Candle lighting involves each of you using individual candles to light one larger candle. This can be used to remember those guests who have passed away. With the candle remaining alight during the ceremony, it's as if the friend or family member is with you.

The most important idea behind choosing an additional ritual is to find something that resonates with you. Alternatively, work with your celebrant to create one that's unique to you.

Sarah Nelson, Moments To
momentsto.co.uk

 

In the driving seat

In the driving seat

Q. Our wedding planner has suggested we hire a celebrant for our big day, but we're not sure what the role of a celebrant is. Should we book one, and what are the benefits?

A. Jennifer Walker says: The best part of having a celebrant-led ceremony is that you're in complete control of your entire wedding day. Having a ceremony that reflects you and your style, including incorporating any cultural, religious or family traditions can really set the tone for the entire day, so its important to get it right. Being able to choose something as simple as what time your ceremony will start or what venue you choose can have a hugely positive impact on the flow of your day as well as your budget.

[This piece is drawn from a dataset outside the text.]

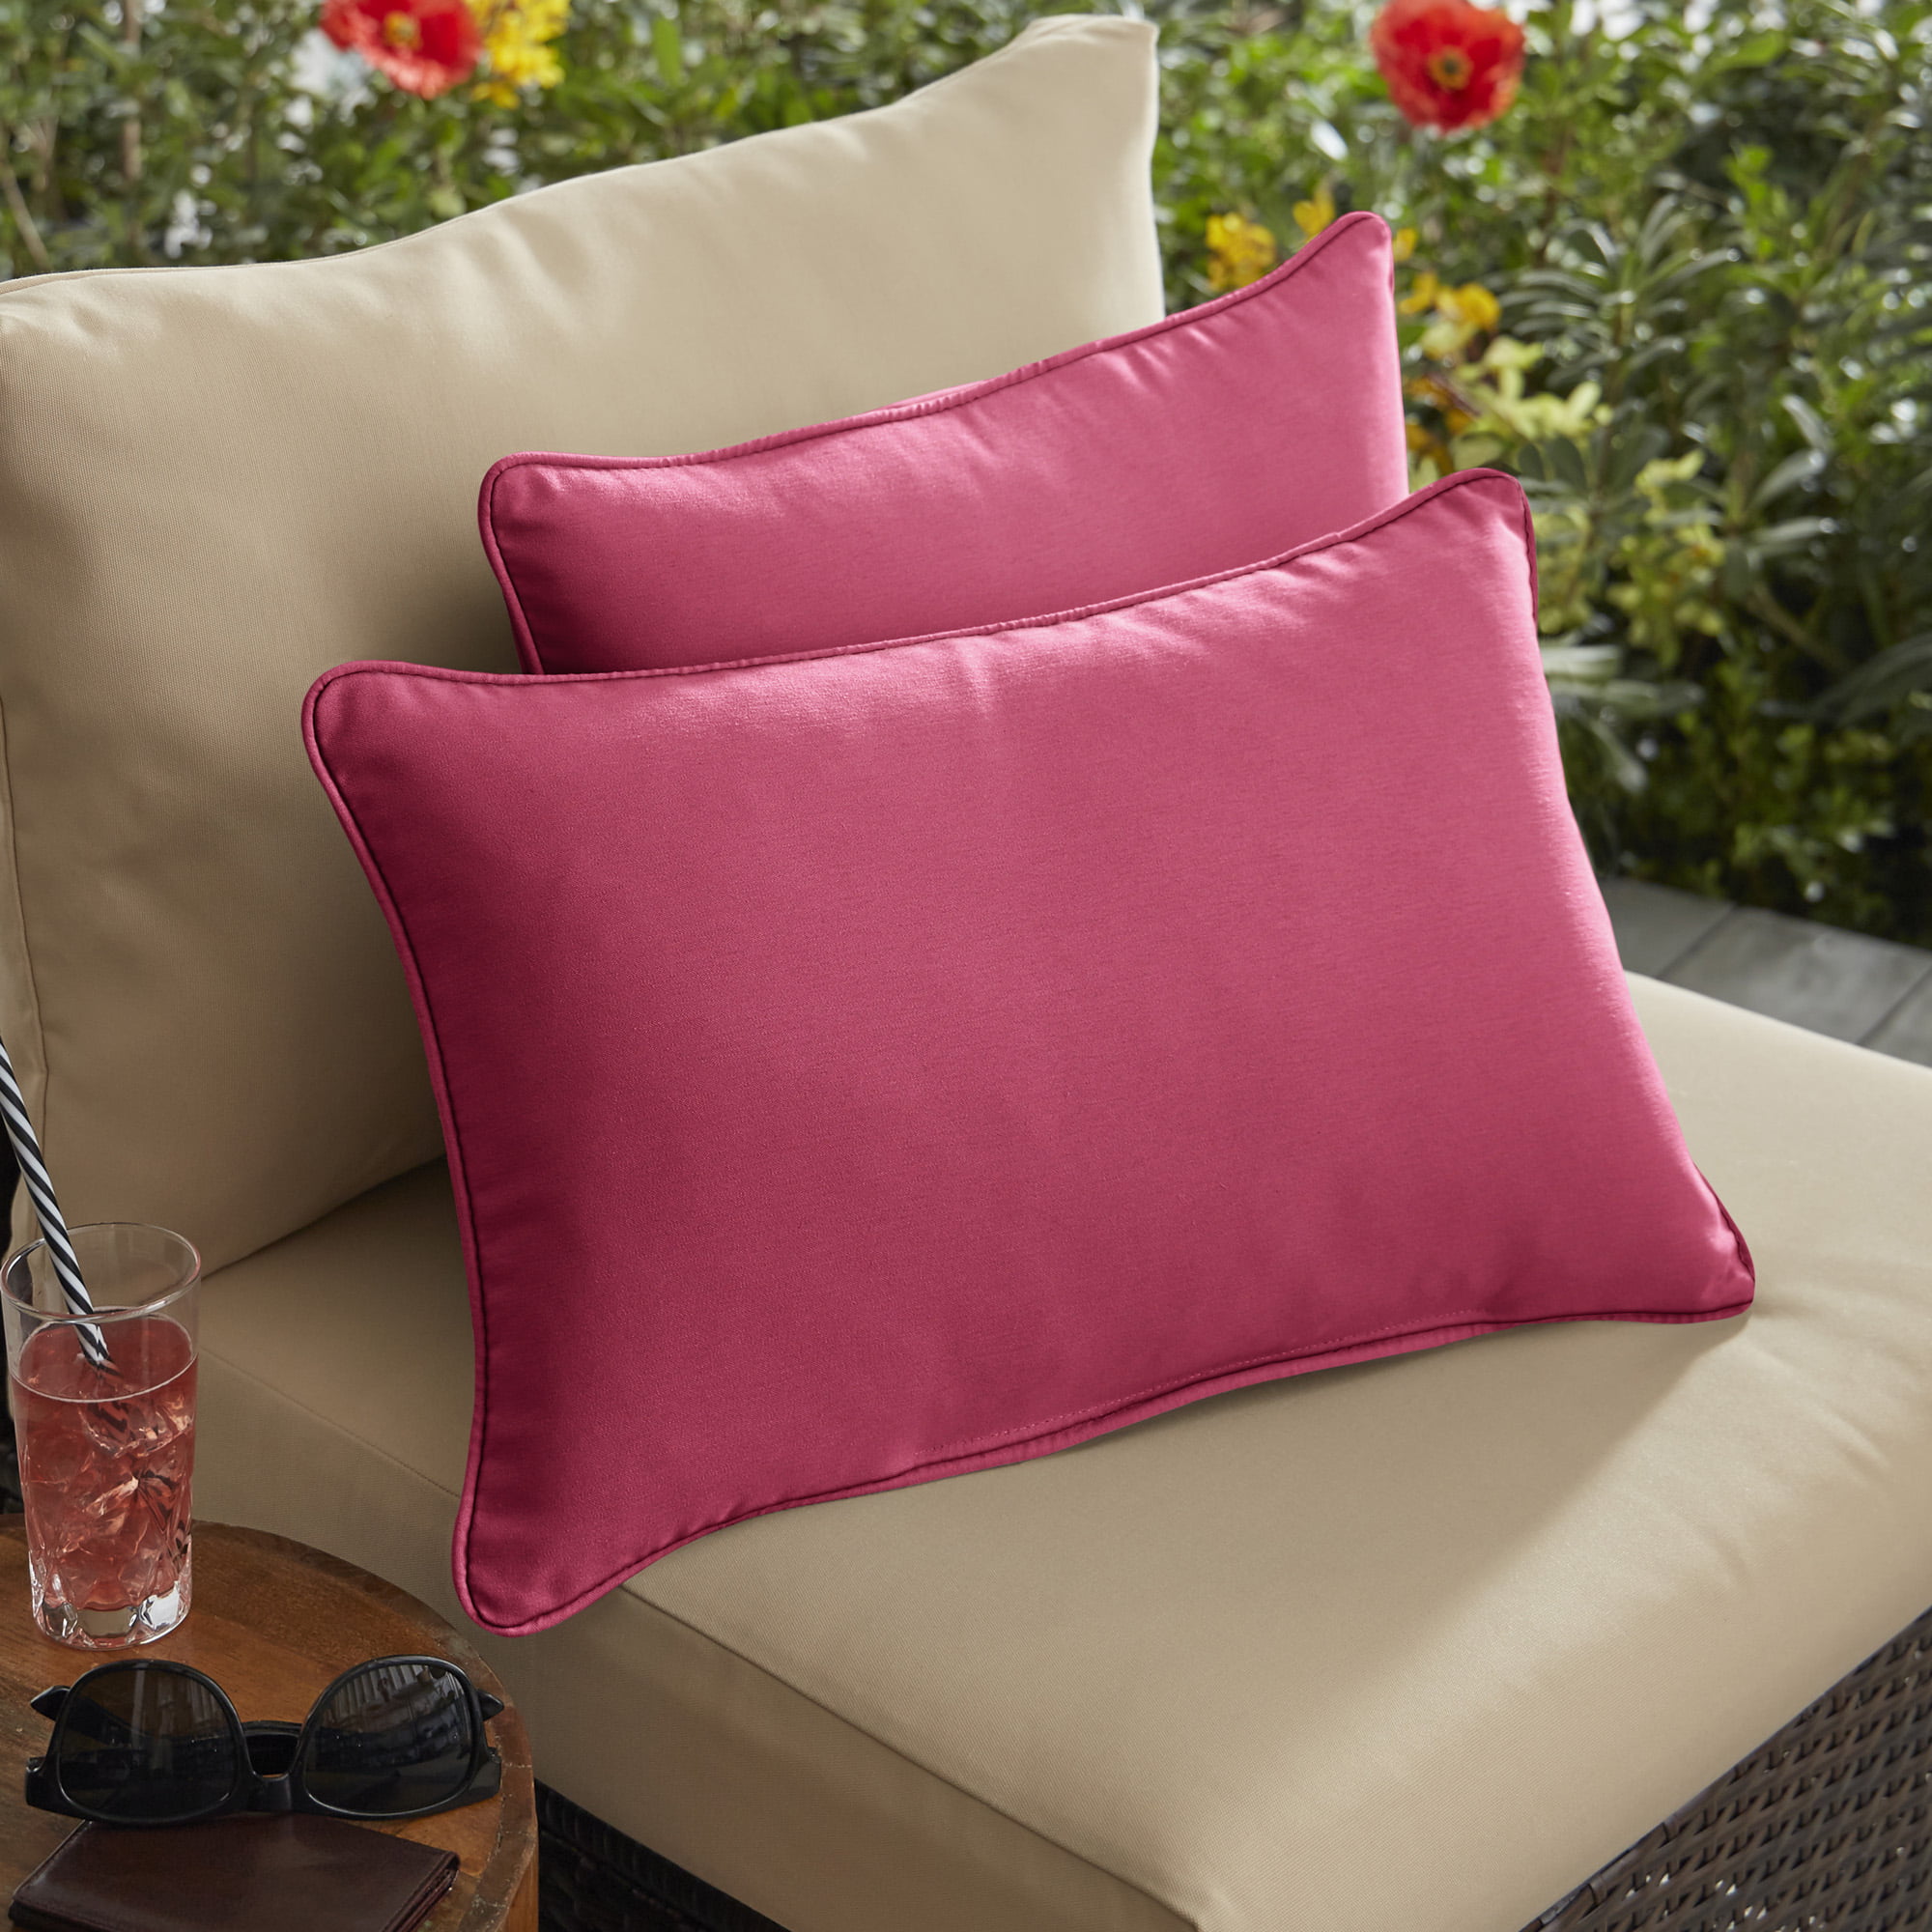 Set of 4 Indoor Outdoor Square Throw Pillows Sunbrella Canvas Hot Pink

All celebrants work differently and have their own style, so I'd suggest meeting with a few to make sure you choose the right one for you. I get to know my couples over a period of months, sometimes years, in order to design their perfect ceremony. Less traditional doesn't mean less special or structured and I'll ensure your "I dos" run smoothly with everyone knowing where they need to be and what their role is. I'll then deliver your personal ceremony including special milestone moments of your life together.

Ultimately, this is a time of your life you'll remember forever and I want to make sure your experience is as special and stress free as possible. Your nuptials are a fabulous celebration of your happiness; making promises to look after each other forever is extremely special – it's the heart of your wedding day after all!

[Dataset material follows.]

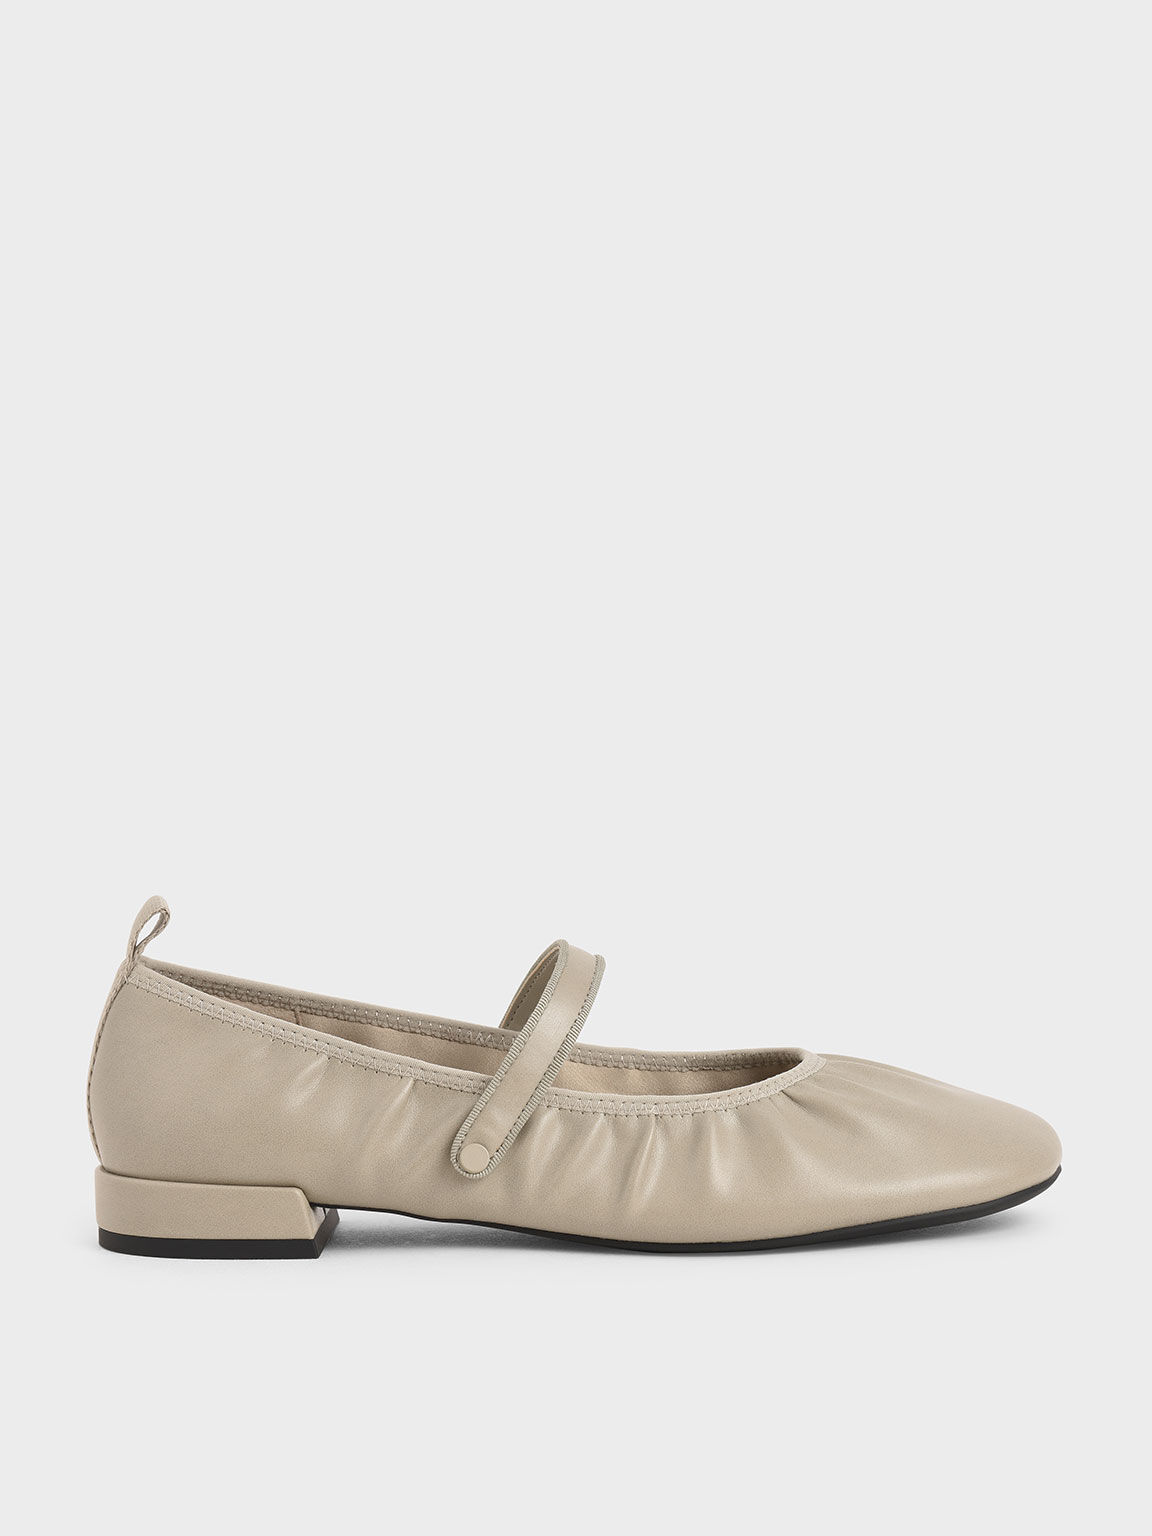 Mary Jane Flats, Taupe, hi-res

Jennifer Walker, JW Ceremonies
jwceremonies.com

 

Festive spirit

Festive spirit

Q. We're both obsessed with Christmas! How can we tastefully incorporate it into our ceremony?

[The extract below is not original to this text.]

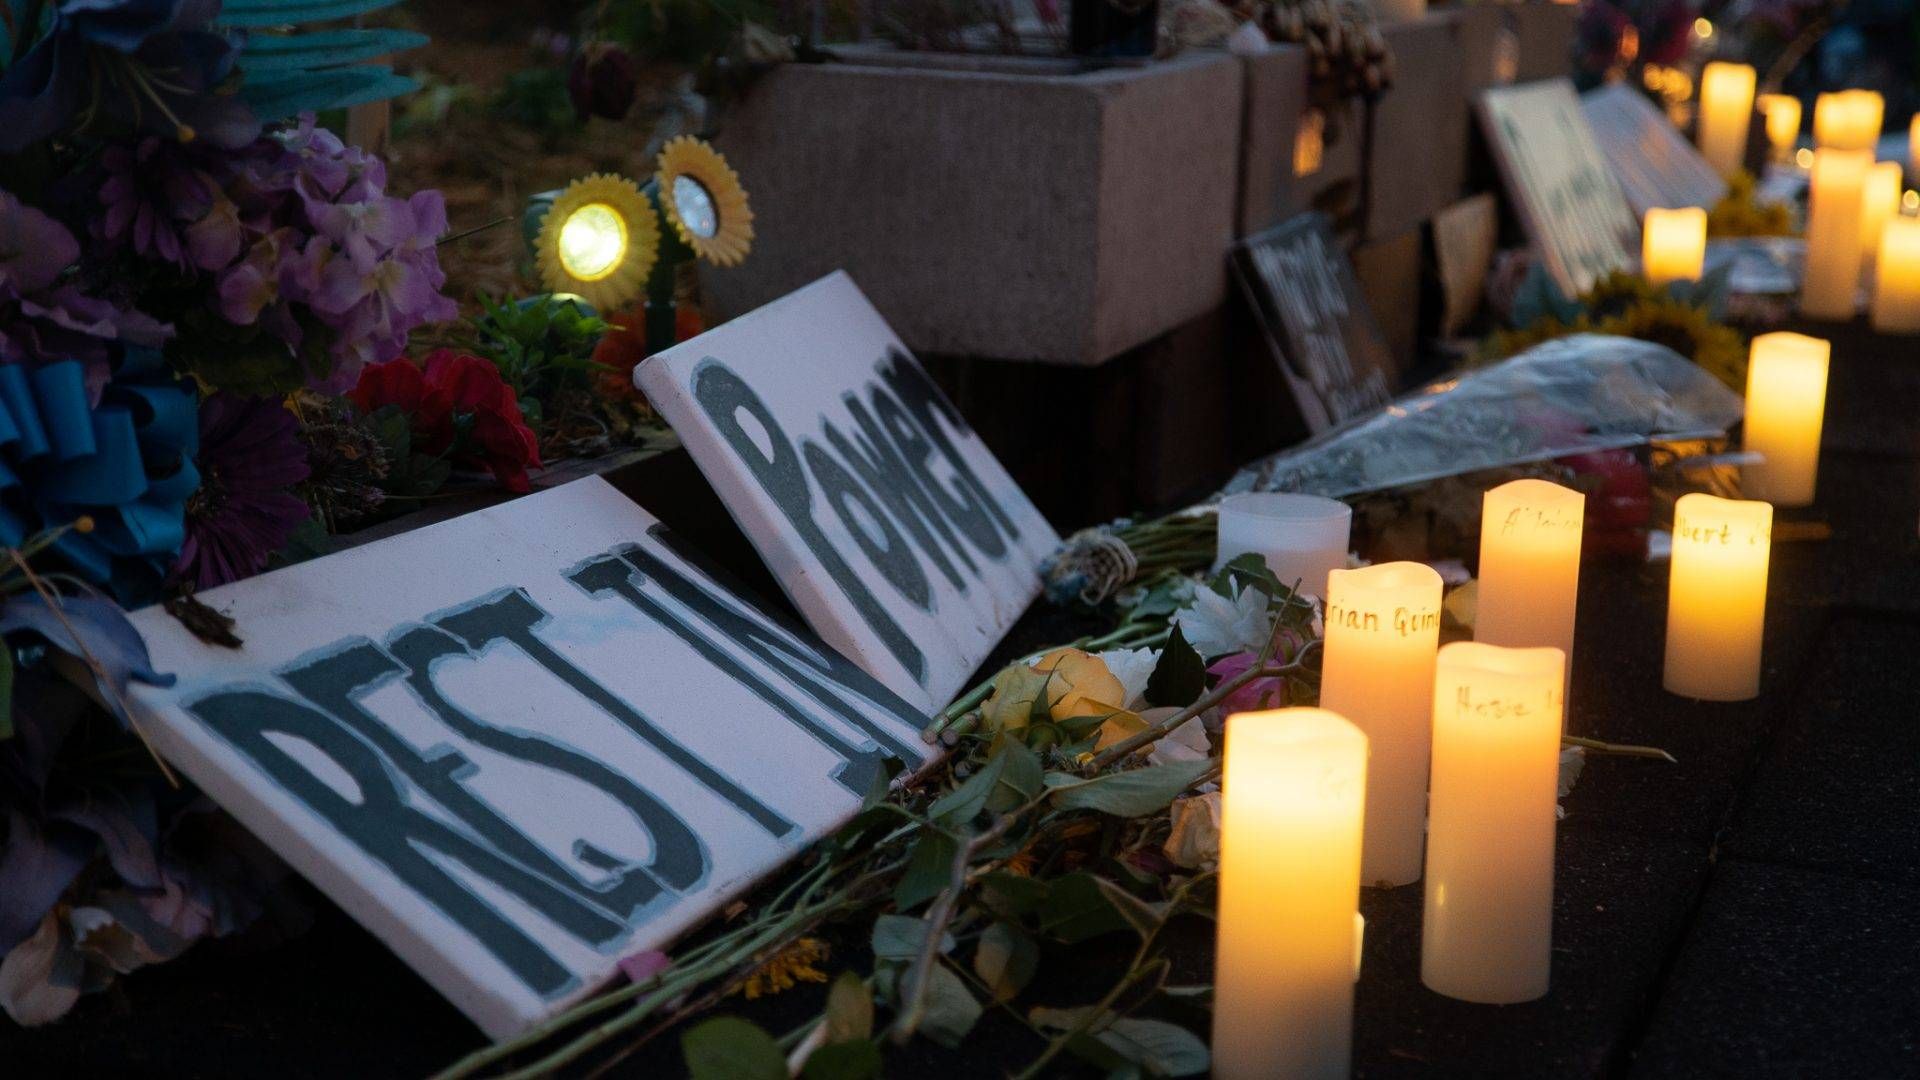 A sign reading "rest in power" is surrounded by flowers, candlelights and offerings. The nonprofit George Floyd Global Memorial has collected thousands of similar offerings.

A. Sarah Boalch says: Christmas is such a magical time of year, so it's no wonder you love the idea of incorporating it into your nuptials! With a celebrant-led ceremony there are so many ways you could include your favourite holiday to suit your personalities and style. If you're outgoing and fun, perhaps you have a favourite Christmas song you'd like your congregation to sing and dance to during the festivities? If you're looking for something more discreet though, why not consider an adaptation of a symbolic ritual known as a handfasting? This old Celtic tradition was historically seen as a legally binding contract of marriage, but today it's used as a symbol to reflect how a couple's lives are to be bound together. During this ritual, a blessing of your marriage will be read aloud and a beautiful handfasting braid will be tied around your hands. To incorporate your love for the season, the ribbons could feature your favourite festive colours. Why not add some delicate bells too, bringing a touch of sleigh magic to this visual and special moment in your wedding ceremony?

These are just a few ideas, but with the help of a celebrant, the only limit is your imagination so your ceremony could be jam-packed full of Christmas magic!

Sarah Boalch, North Wales Celebrant
www.northwalescelebrant.co.uk

 

Especially for you

Especially for you

Q. We've waited so long to get married due to the pandemic and are now rethinking our registrar-led ceremony in favour of something more meaningful. What would you recommend?

A. Sarah Nelson says: This sounds like a great idea! A celebrant in England and Wales writes and performs a non-legal wedding ceremony. It's written entirely for you, so there'll be no other like it. You can ask friends and family to take part as well, making it that much more meaningful. The legal admin side of your marriage can be sorted out with a couple of short visits to the registry office, so no worries there.

Your celebrant should meet with you to find out more about you both and what you envisage for your wedding. They'll use this information to structure and write a script, which you should be able to check along the way. Most celebrants will also help you create your own vows.